On account of their surface plasmon resonance, the synthesized gold nanoparticles, PAP-AuNPs were distinguished by the color change to a red wine color and their UV-visible spectrometer (UV–vis) maxima at 520–540 nm. Transmission electron microscopy (TEM) was used to determine the morphological characteristics, which included size and shape. Prior to TEM analysis, a drop of PAP-AuNPs aqueous suspension in water was deposited on a carbon-coated copper grid and allowed to air-dry. The functional groups of PAP-AuNPs were identified using the Fourier-transform infrared spectroscopy (FT-IR) spectra. Dynamic light scattering (DLS) was used to determine the particle size and zeta-potential of PAP-AuNPs. Furthermore, an atomic force microscope (AFM) was used to examine the surface morphology of PAP-AuNPs.

2.4. Cell culture

The RAW264.7 macrophages H22 cells were collected from Chongqing Medical University's Second Affiliated Hospital's Department of Hepatobiliary Surgery. The RAW264.7 and H22 cells were cultured in DMEM at 37 °C in a 5% CO₂ atmosphere. DMEM was supplemented with 10% FBS and contained 100 μg/mL streptomycin and 100 units/mL penicillin.

2.5. No level

The NO content in RAW264.7 cell culture media was determined using the Griess technique. RAW264.7 macrophages were grown in a 24-well plate (5 × 10⁴ cells/well). To each well, varying amounts of PAP-1a and PAP-AuNPs (100–400 μg/mL) were added. After 24 hours of incubation, the cell culturing supernatant was collected and centrifuged for 20 minutes at 2000 rpm. Following that, according to the instructions, a NO detection kit was used to detect the NO level in each well. The absorbance of the sample at 540 nm was measured using a microplate reader.

2.6. Cytokines level

After 24 hours of treatment with DMEM, LPS (100 ng/mL), PAP-1a, or PAP-AuNPs (100–400 μg/mL), the culture supernatant was collected and TNF-a, IL-6, and IL-1 levels were determined using an enzyme-linked immunosorbent assay (ELISA).
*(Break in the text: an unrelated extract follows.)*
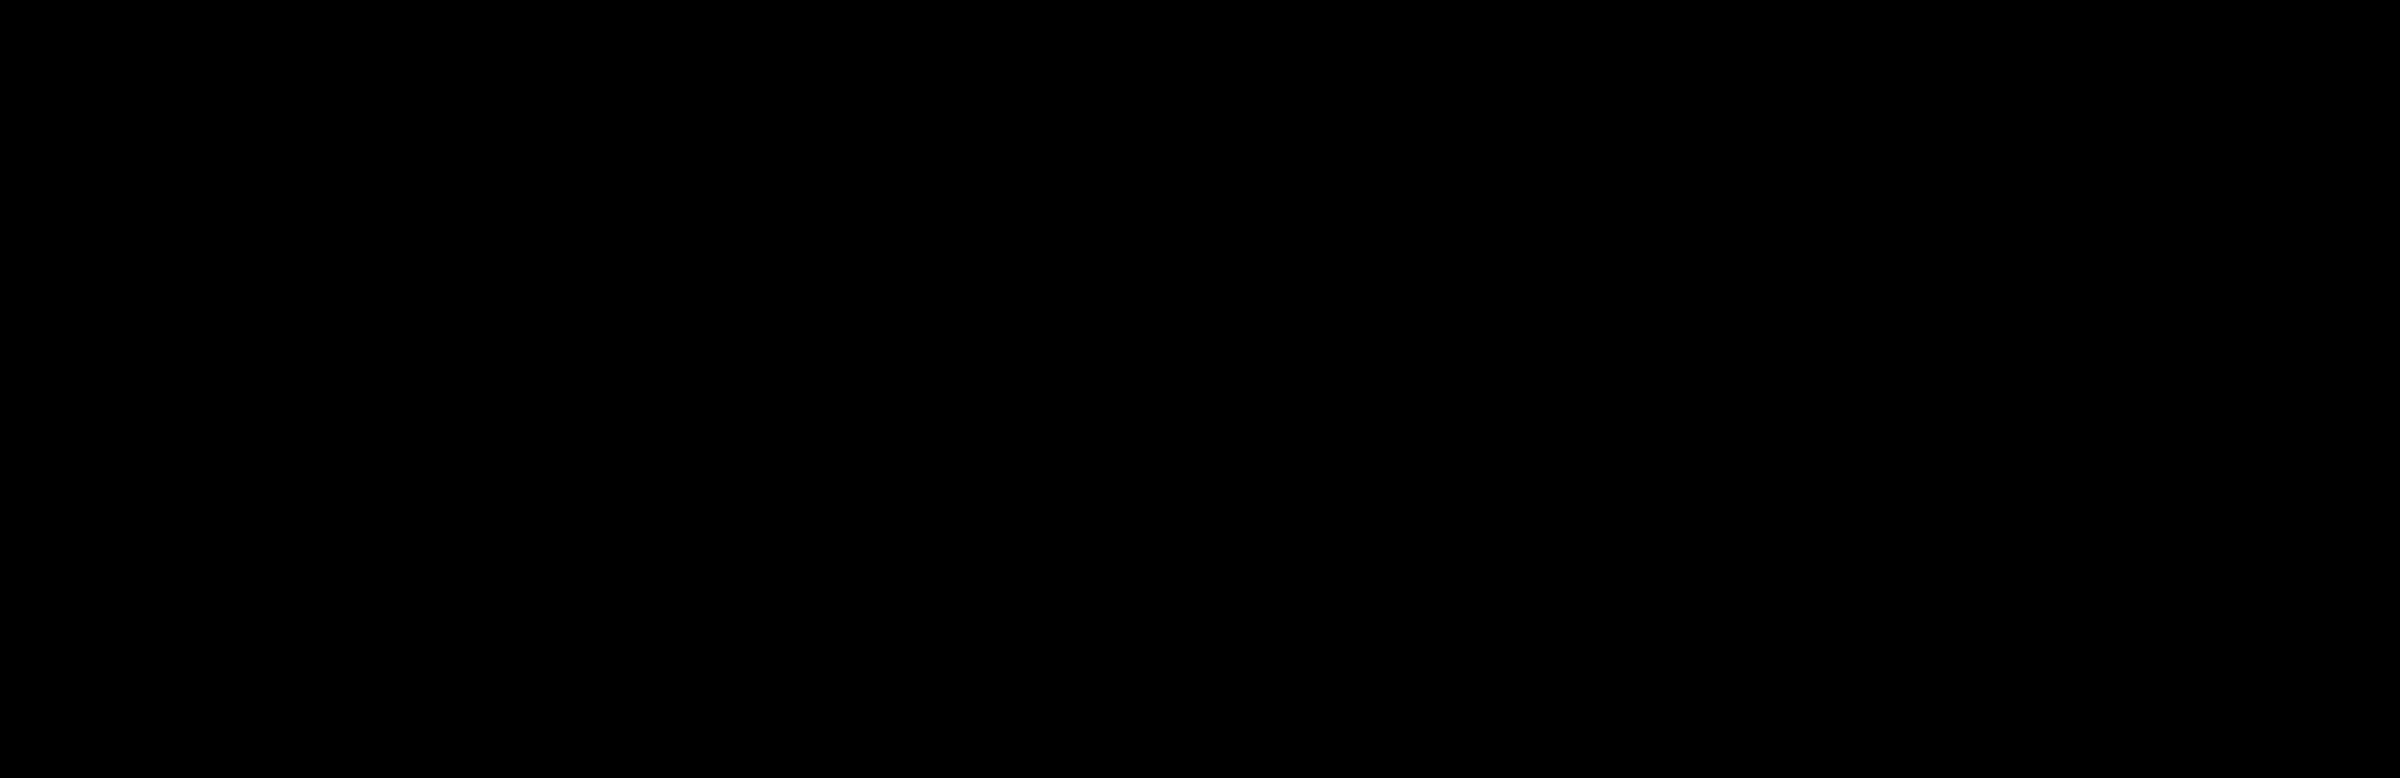 Lock clipart transparent. Simple key big image

2.7. Direct effect of PAP-AuNPs

The CCK-8 test was used to determine the viability of RAW264.7. In a 96-well plate (1 × 10⁴ cells/well), RAW267.4 cells were cultured. After cell adhesion, different concentrations of PAP-1a and PAP-AuNPs (100–500 g/mL) were applied to the well. The CCK-8 kit was used to determine the cell proliferation rate after 24 hours. The cell proliferation rate was calculated using the formula. $$\text{Cell}\mathrm{ }\text{proliferation}\mathrm{ }\text{rate}\mathrm{ }\left(\%\right)=\left(\left[\text{OD}\mathrm{ }\left(\text{experimental}\right)-\text{OD}\mathrm{ }\left(\text{Blank}\right)\right]\right)/\left(\left[\text{OD}\mathrm{ }\left(\text{control}\right)-\text{OD}\mathrm{ }\left(\text{blank}\right)\right]\right)\times 100\%$$

2.8. Animal modeling

Female C57BL/6 mice (age: 6–8 weeks) were procured from the Animal Facility of Chongqing Medical University. After accommodating them for a week, we constructed a tumor-bearing mouse model by subcutaneously injecting tumor cells (H22) under the right axilla (4 × 10⁵ cells/mouse). After modeling, the mice were returned to their environment and fed standard food for one week before being randomly divided into four groups (n = 6 each). 30 mg/kg PAP-1a and PAP-AuNPs and 4 mg/kg Adriamycin were administrated to those mice by tail vein injection once 3 days for six times. Normal saline was used as the control.

Body weights and tumor sizes of the mice were recorded by using a weighing scale and a vernier caliper every two days: the following formula: (a*b²)/2 was used to count the tumor volume, with a and b respectively corresponding to the longest and shortest diameter of the tumor. Heart, liver, spleen, lung, kidney, thymus, and peripheral blood samples of mice were gathered after sacrificing them by neck dissection. The following formulas were used to count the organ index and tumor inhibition rate: $$\text{Organ}\mathrm{ }\text{index}=\text{spleen\hspace{0.17em}}\left(\text{thymus}\right)\text{\hspace{0.17em}weight}/\text{body}\mathrm{ }\text{weight}\times 100\%,$$ $$\text{Tumor}\mathrm{ }\text{inhibition}\mathrm{ }\text{rate}=\left(1-A/B\right)\times 100\%$$ where A represents the weight of the tumors of the treated groups and B represents the weight of the tumors of the control group.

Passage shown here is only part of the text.